Angel Studios Extends Voting Rights to All Shareholders, Launches Share Buyback
In a first of its kind for a private company, Angel Studios is proposing full voting rights for previously non-voting crowd investors, effectively democratizing the company across three classes of stock.
“We are proposing to revise our corporate documentation to provide your common B shares with voting rights,” says an email to all Angel Studios Class B shareholders sent early Monday afternoon. Class B shareholders are non-accredited investors who supported Angel Studios via equity crowdfunding.
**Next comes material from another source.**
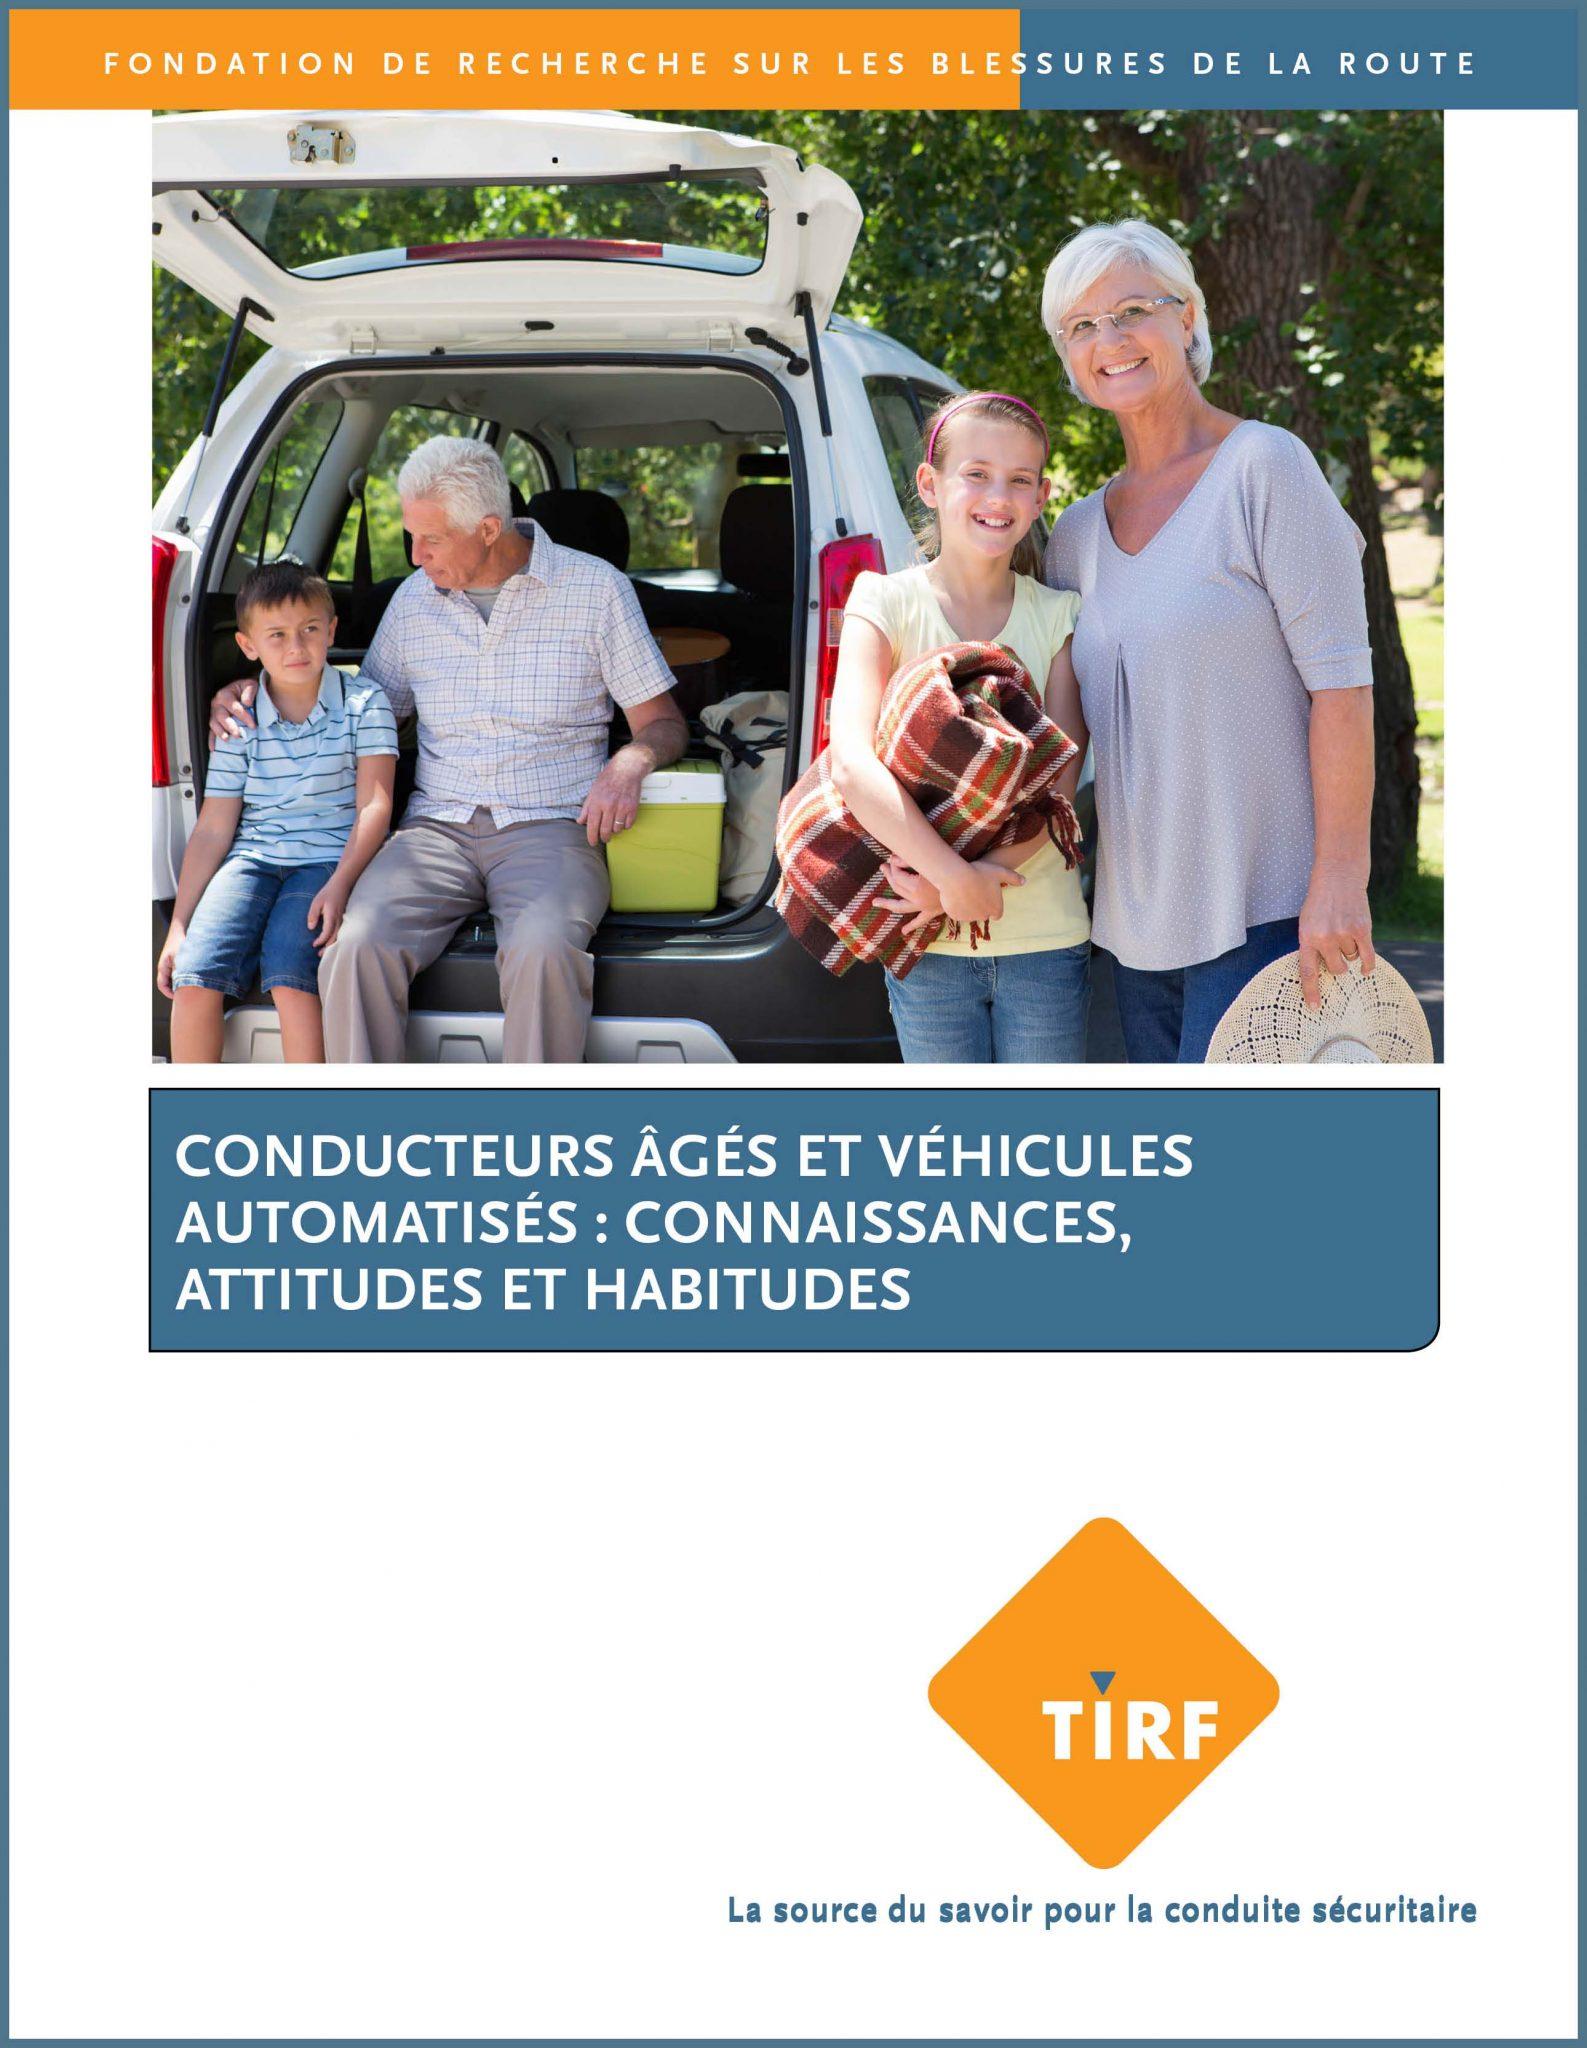 Conducteurs âgés et véhicules automatisés : connaissances, attitudes et habitudes

It may sound like an esoteric corporate governance issue, but the proposal is radically different than any prior governance arrangement. Neither the founders, board members, nor legal counsel for Angel Studios, nor the editorial staff at TechBuzz News, could cite any comparable precedent.
The proposal comes after an explanatory preamble;
“Angel Studios had a miraculous year in 2020, as we ended the Disney lawsuit, emerged from bankruptcy, and generated more than $46 million in revenue. What's more, we already passed $46 million in the first half of 2021.
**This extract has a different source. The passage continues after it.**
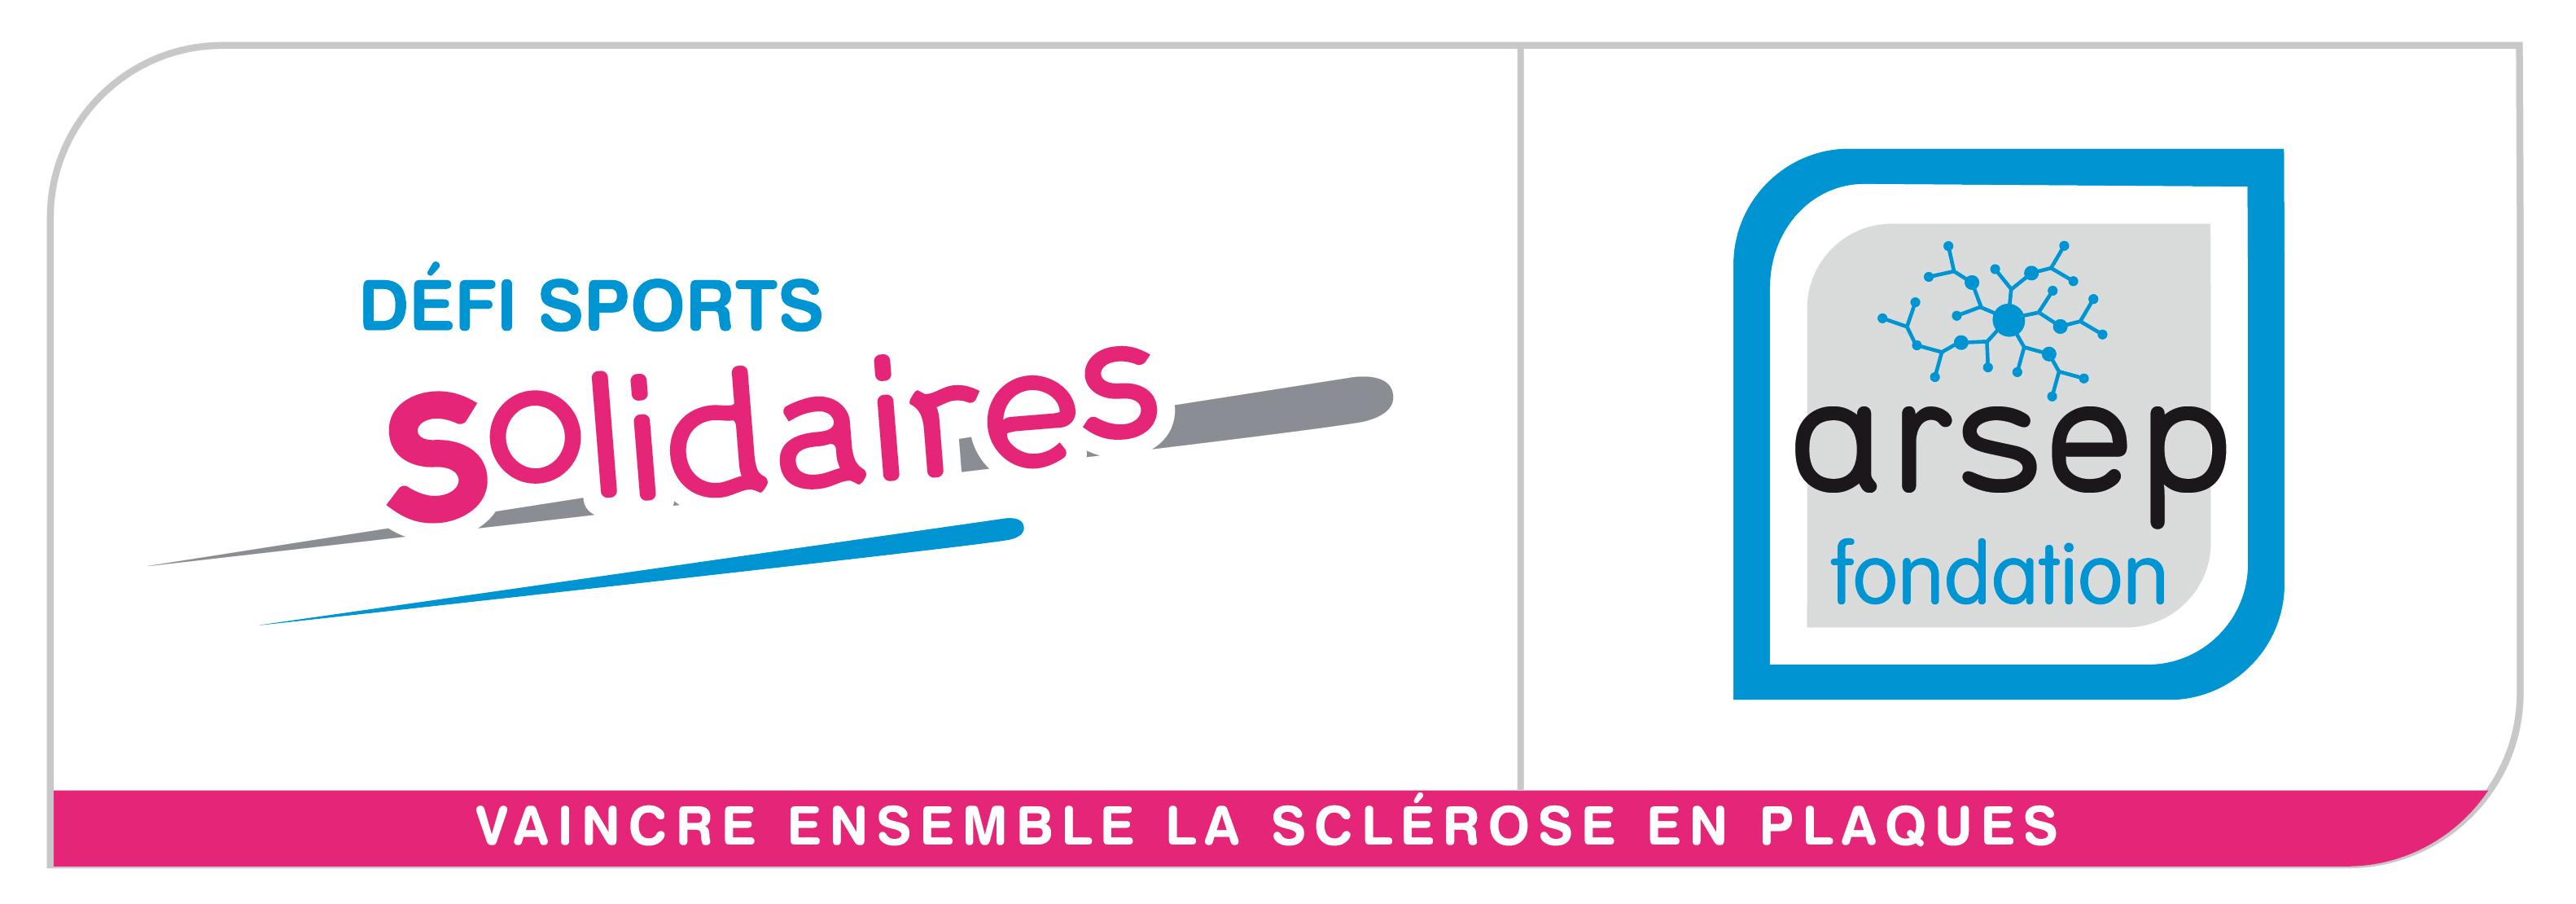 Logo ARSEP Fondation Défi sports solidaires Sclérose en plaques

As part of our community of investors, you stood by us during the direst of circumstances and with us through the refining fire of litigation, trial and bankruptcy. We thank you for your loyalty and for helping us maintain our mission.
Even though you currently have non-voting shares, we've included you on multiple key decisions over the last year as if you were a voting partner. Here are the two key decisions we made together:
● The settlement-with-Disney vote was important.
● The decision to sell VidAngel.com was huge.
“We have made some great decisions together!” the letter continues. “We now want to institutionalize your voice in Angel Studios' future.”
The letter is signed by co-founding brothers Neal Harmon (CEO) and Jeffrey Harmon (Chief Content Officer) at Angel Studios, with a link for all recipients to register their vote on the proposal.
If the proposal passes, a new “F” class will be created for founders and core team members. At that point, Classes A (institutional), B (crowd), and F (founders) would have roughly equal voting power moving forward.
We reached out to the Harmons for comment.
“The crowd saved our company,” says Angel Studios CEO and co-founder Neal Harmon. “We wouldn’t exist without them. Some of them invested believing they’d lose that money. They just believed in our cause. Our investors are almost like our conscience.”
Currently, Angel Studios has two classes of shareholders. Class A shareholders include founders and accredited institutional investors; those who’ve raised an investment fund and saw Angel Studios as a likely financial winner in line with their investment thesis.
Class B investors joined Angel Studios in 2016. 8,000 individuals together invested $10 million in just five days with investments as low as $100. Under the Regulation A rules, none of those investors needed to be accredited by the Securities and Exchange Commission. Many of them were happy customers of the service, which at the time was focused primarily on media filtering (the business is now focused on original content). The terms of that 2016 Regulation A crowdfunding event also require Angel Studios to go public within a certain timeframe.
Harmon says empowering Class B shareholders with voting rights is a way to ensure the “true believers” in Angel Studios have a seat at the table before the company’s inevitable IPO.
In an FAQ linked in the announcement email, some interesting details emerge, including the fact that Common B shares will count for 55 votes, while Common A or Common F shares will only count for 5 votes.
“Why does Common B receive so many more votes?” the Q&A asks. “ANSWER: To balance the vote to be as close to thirds as possible between the A, B and F classes (also taking into account anticipated sales of shares and voting participation).”
The letter also indicates that Angel Studios will soon buy back shares from 2016 investors that want to sell. The $10 million 2016 investment round came only a year after the SEC adopted rules allowing such funding, and just after the lawsuit from Disney et al came down.
“We had some investors who wish we’d continued the legal battle with Disney, and some who wish we’d continued with the filtering business,” said CEO Harmon. “This allows them to see a return on their investment.”
At the time of publishing, the return multiple for Regulation A investors was not available. “We will send out the full details and information on that offer by October 1st,” says an email on the buyback offer.
Full Disclosure: Multiple members of the founding team at TechBuzz News hold investment at Angel Studios, and/or serve on the board of advisors.